Directory where LLMs are saved (change as appropriate):

MODELS_DIR = ROOT_DIR / "huggingface-models"

Directory where data is saved or will be saved to (change as appropriate):

DATA_DIR = ROOT_DIR / "data"

Other configs:

MODEL_NAME = "meta-llama/Meta-Llama-3-8B-Instruct"
# MODEL_NAME = "google/gemma-2b"    # Smaller model that is faster to run


RESULTS_ROOT_DIR = ROOT_DIR / "folktexts-results"
from folktexts.llm_utils import load_model_tokenizer, get_model_folder_path
model_folder_path = get_model_folder_path(model_name=MODEL_NAME, root_dir=MODELS_DIR)
model, tokenizer = load_model_tokenizer(model_folder_path)
INFO:root:Loading model '/lustre/fast/fast/groups/sf/huggingface-models/meta-llama--Meta-Llama-3-8B-Instruct'
INFO:accelerate.utils.modeling:We will use 90% of the memory on device 0 for storing the model, and 10% for the buffer to avoid OOM. You can set `max_memory` in to a higher value to use more memory (at your own risk).
INFO:root:Moving model to device: cuda
results_dir = RESULTS_ROOT_DIR / Path(model_folder_path).name
results_dir.mkdir(exist_ok=True, parents=True)

Construct LLM Classifier

NOTE: Also compatible with models hosted through a web API by using the WebAPILLMClassifier class instead of TransformersLLMClassifier.

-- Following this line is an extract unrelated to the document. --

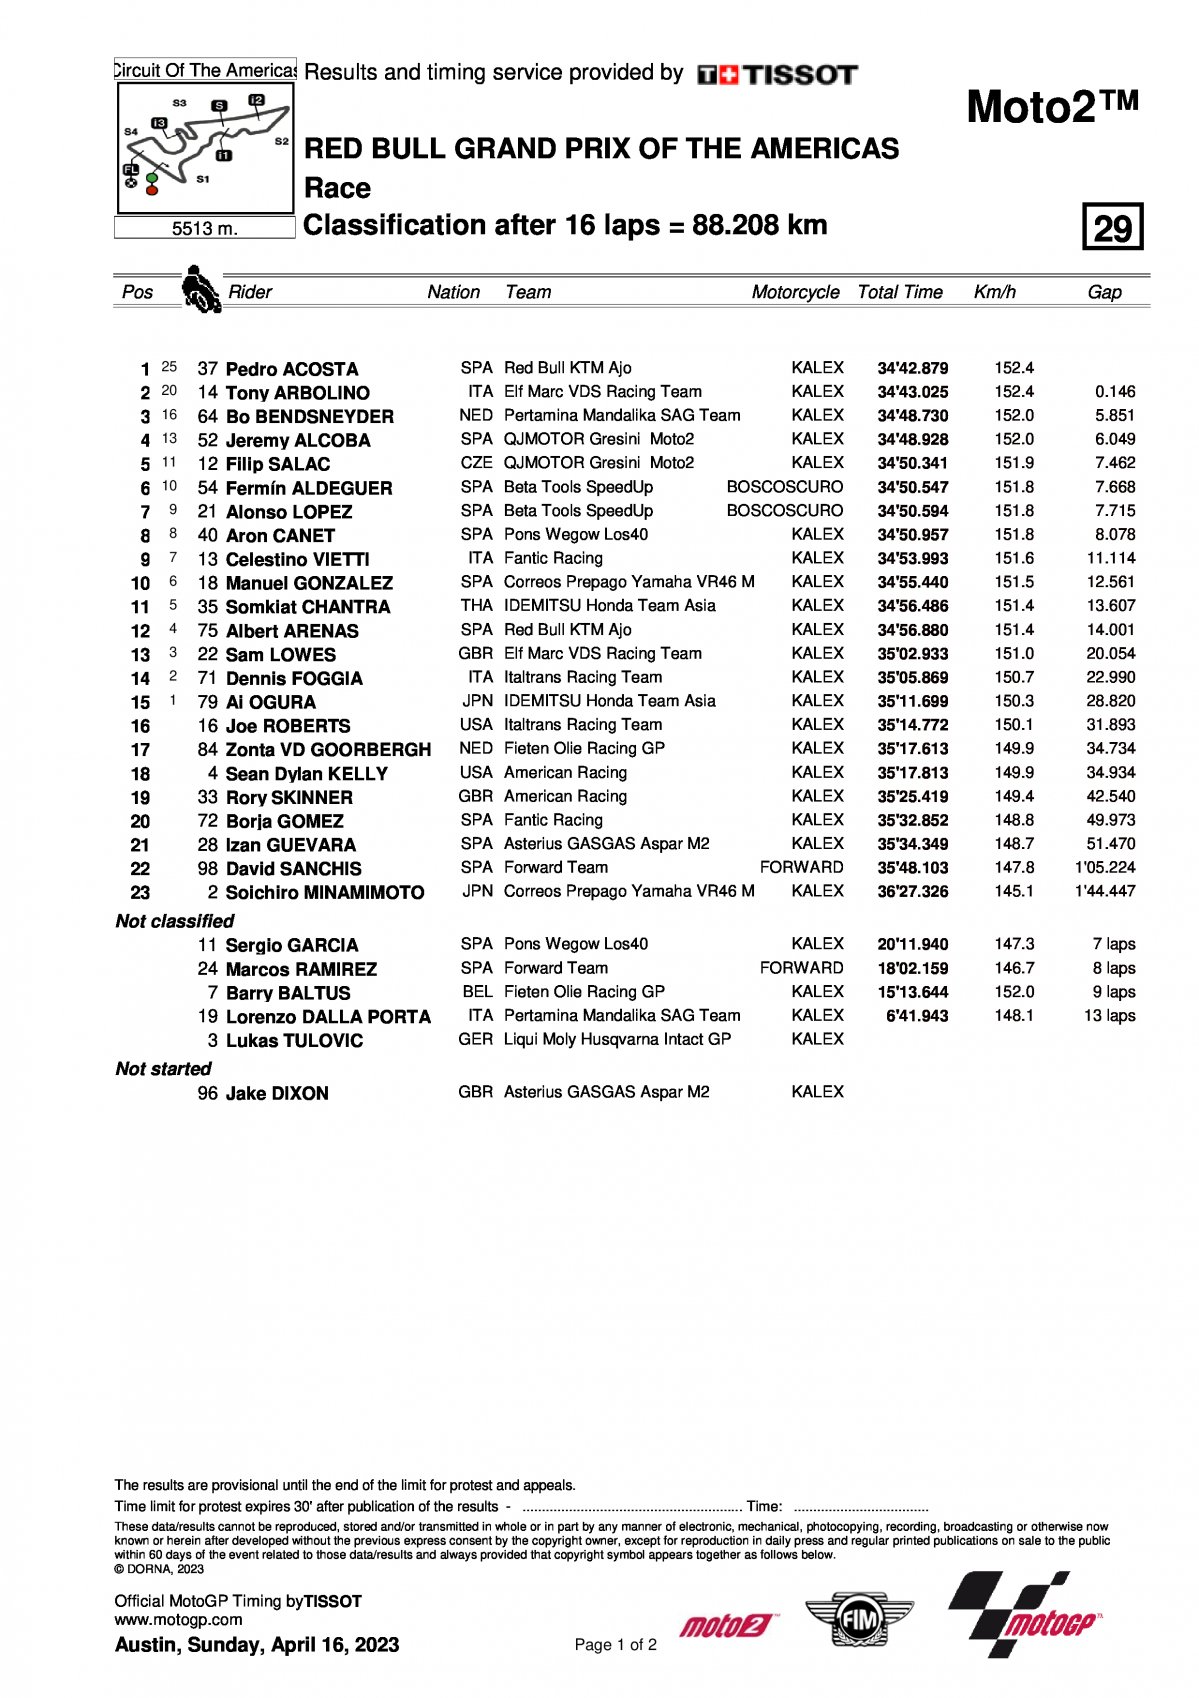 Результаты Гран-При Америк (AmericasGP) Moto2 (16/04/2023)

Load prediction task (which maps tabular data to text):

from folktexts.acs import ACSTaskMetadata
task = ACSTaskMetadata.get_task(TASK_NAME, use_numeric_qa=False)
INFO:root:Changing Q&A mode for task 'ACSIncome' to multiple-choice.
from folktexts.classifier import TransformersLLMClassifier
llm_clf = TransformersLLMClassifier(

Load Dataset

from folktexts.acs import ACSDataset
dataset = ACSDataset.make_from_task(task=task, cache_dir=DATA_DIR)
Loading ACS data...
CPU times: user 58 s, sys: 27.5 s, total: 1min 25s
Wall time: 1min 26s

Optionally, subsample to quickly get approximate results:

INFO:root:Train size: 13316, Test size:  1665, Val size:   1665;

Load and run ACS Benchmark

Note: Helper constructors exist at Benchmark.make_acs_benchmark and Benchmark.make_benchmark that avoid the above boilerplate code.

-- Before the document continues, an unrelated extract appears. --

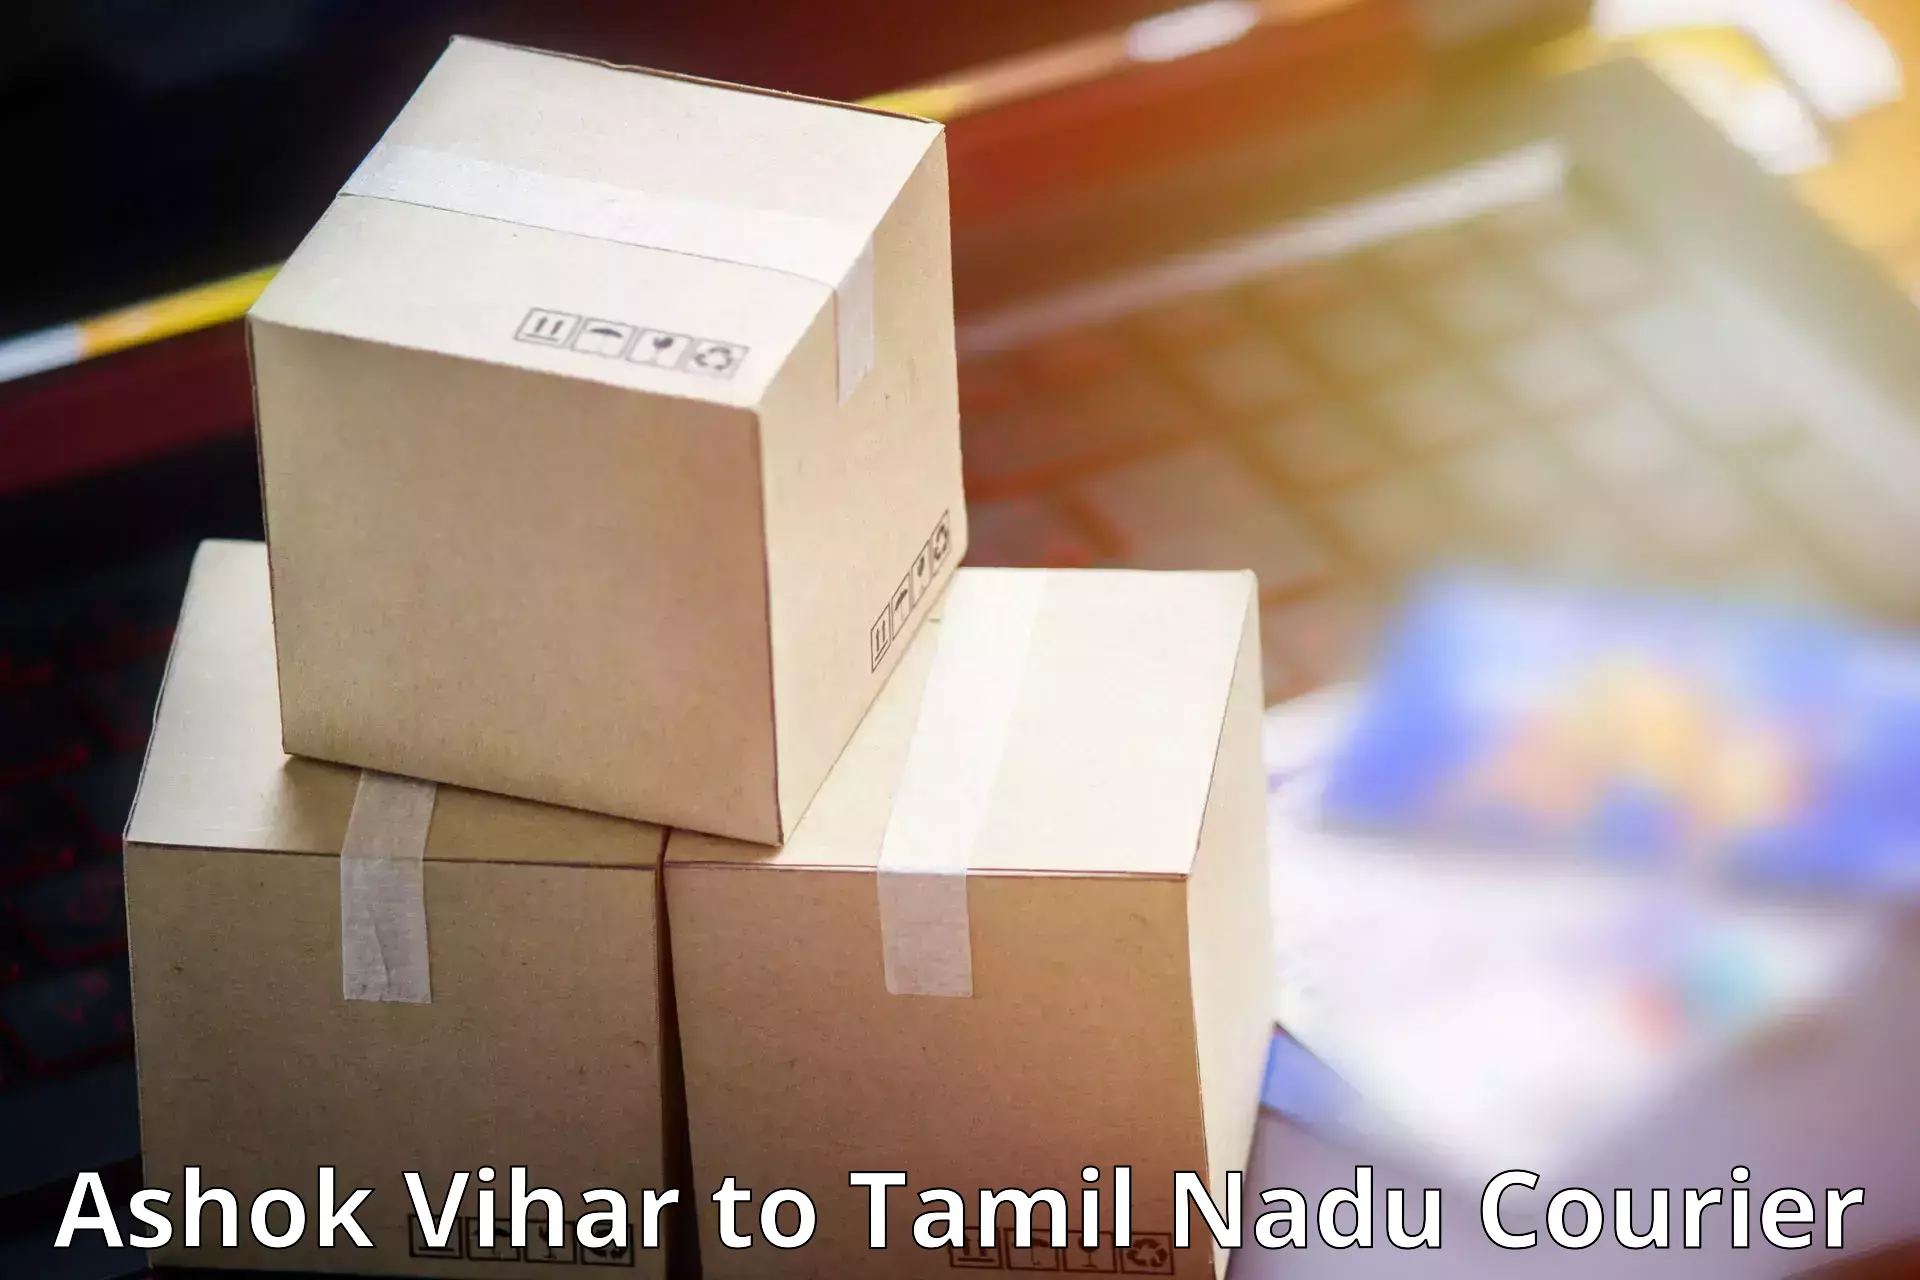 Next-generation courier services Ashok Vihar to Thoothukudi

from folktexts.benchmark import BenchmarkConfig, Benchmark

bench = Benchmark(llm_clf=llm_clf, dataset=dataset)
** Benchmark initialization **
Model: meta-llama--Meta-Llama-3-8B-Instruct;
Task: ACSIncome;
Hash: 516109582;

Here’s an example prompt for the current prediction task:

X_sample, _y_sample = dataset.sample_n_train_examples(n=1)
print(llm_clf.encode_row(X_sample.iloc[0], question=llm_clf.task.question))
The following data corresponds to a survey respondent. The survey was conducted among US residents in 2018. Please answer the question based on the information provided. The data provided is enough to reach an approximate answer.

- The age is: 37 years old.
- The class of worker is: Owner of non-incorporated business, professional practice, or farm.
- The highest educational attainment is: Regular high school diploma.
- The marital status is: Married.
- The occupation is: Painters and paperhangers.
- The place of birth is: New Jersey.
- The relationship to the reference person in the survey is: The reference person itself.
- The usual number of hours worked per week is: 40 hours.
- The sex is: Male.
- The race is: White.

Question: What is this person's estimated yearly income?
A. Below $50,000.
B. Above $50,000.

Optionally, you can fit the model’s threshold on a few data samples.

This is generally quite fast as it is not fine-tuning; it only changes one parameter: the llm_clf.threshold.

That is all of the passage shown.